I tend to think it is a perceived need created by insurance companies to gain profiles. Do you really need to stay at private hospital, Class A or B1? From the way they package, it is very much like selling the idea that you need this luxury.

It is the same idea as whether you choose economy class vs business class vs first class for flights. You still get to your destination. Similarly, choice of staying in hostel, Airbnb, resort, budget hotel, or high class hotel is about the comfort level.

I don't have a IP at the moment and I have no intention of getting one (at least not one soon) because I wanted to build up my Medisave account as much as possible to the ceiling so that the excess can flow into the Special Account. That said, it does not mean that I'm not doing any precaution measures. I ensured that I have insurance to cover for accident, stay healthy, don't eat junk food, don't smoke, don't drink, exercise regularly, no genetic diseases running in my family line... Other than my wisdom tooth extraction, I've never been admitted to hospital. (Touch wood).
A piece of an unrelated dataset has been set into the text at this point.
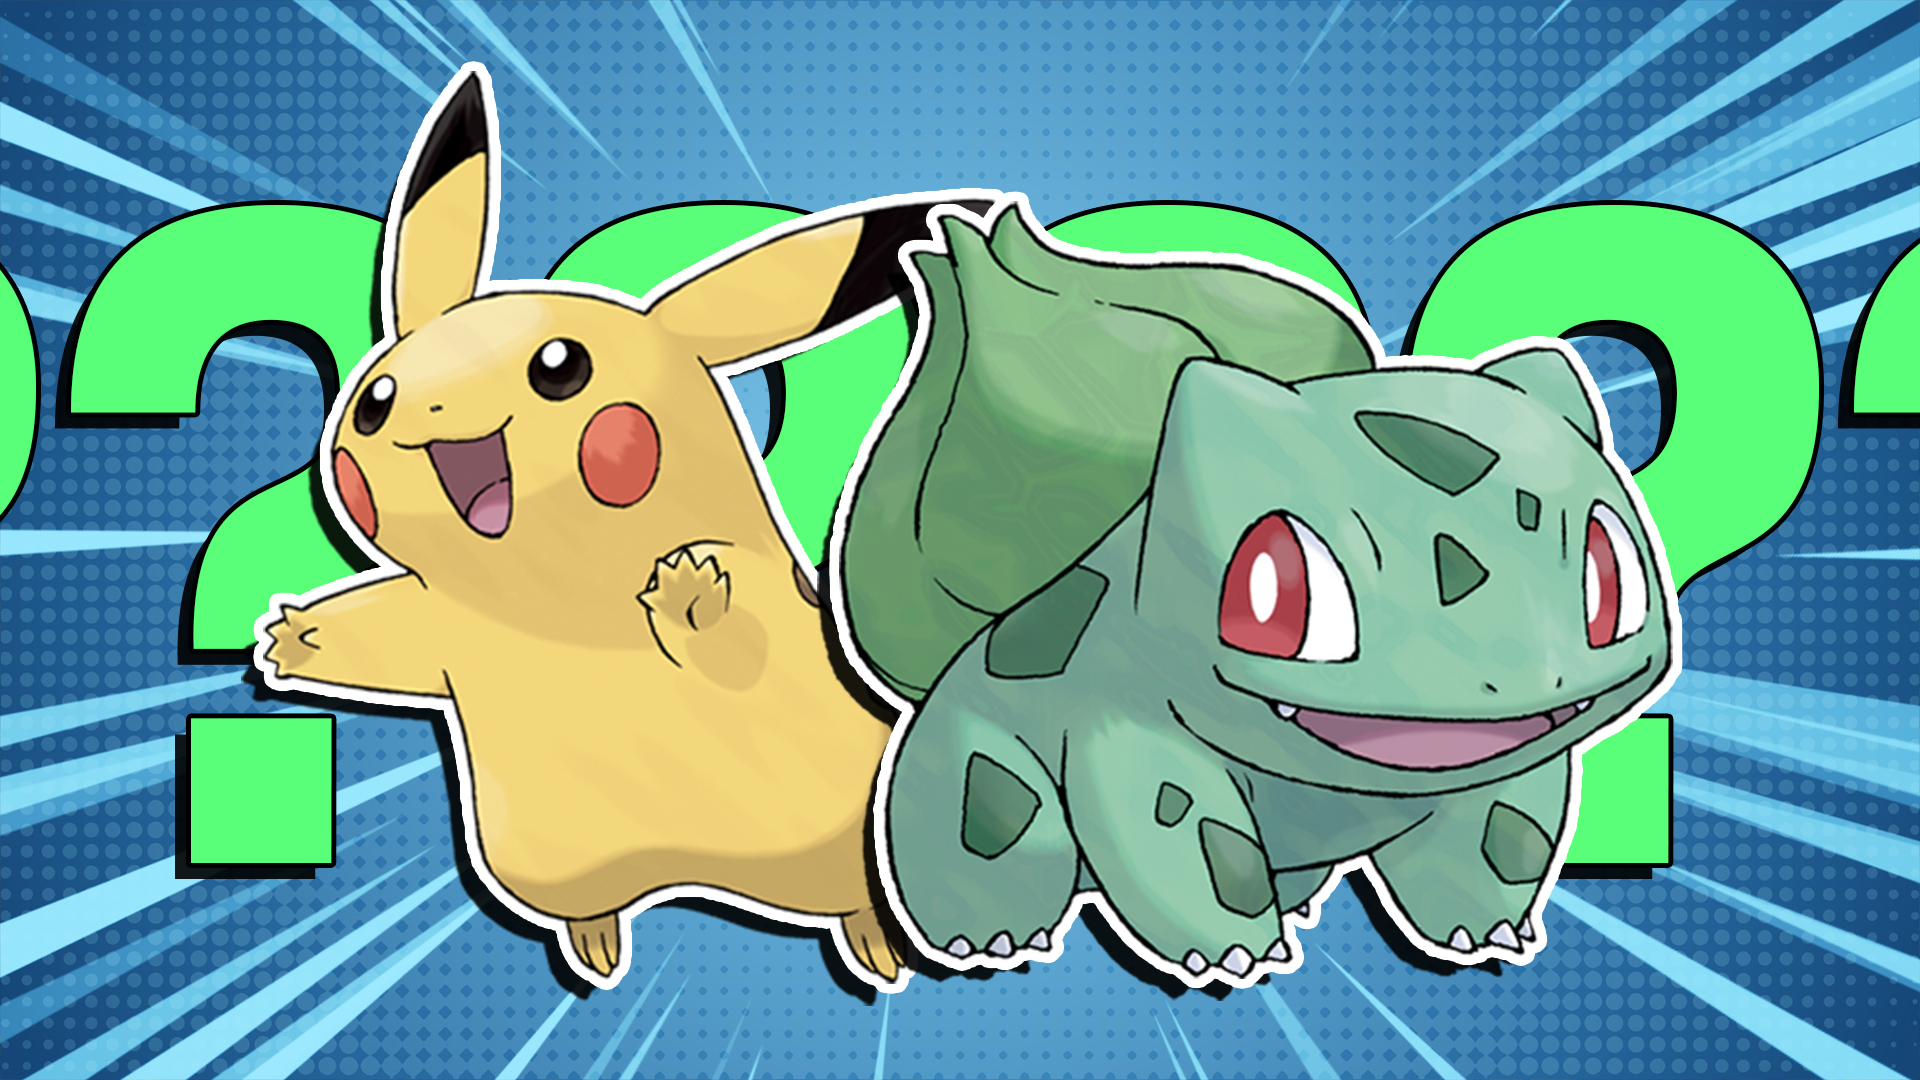 Quiz: Do You Know The Meaning Behind These Pokémon Names?

Key message: No point getting IP, and you still don't take care of your own health. Instead, think of how to reduce the probability of landing in hospital.

I beg to differ. It's not like eating in restaurant vs coffee shop or airbnb vs hotel.

It's about life at stake here. What about if you or your loved ones diagnosed with some illness in which going to private hospital (or seeing a certain doctor) can make a difference?

Most of the cost (if not all) of the highest main plan can be covered by medisave fully when you're young. And the interest in my medisave alone is enough to cover the cost. Also, you won't be able to cash in the medisave money ever (you can only see it from heaven being withdrawn by your loved ones :D)

So, it's no-brainer to take those plan when your cpf can cover all the cost when you're young. Once you pass certain age threshold, then need to re-think again.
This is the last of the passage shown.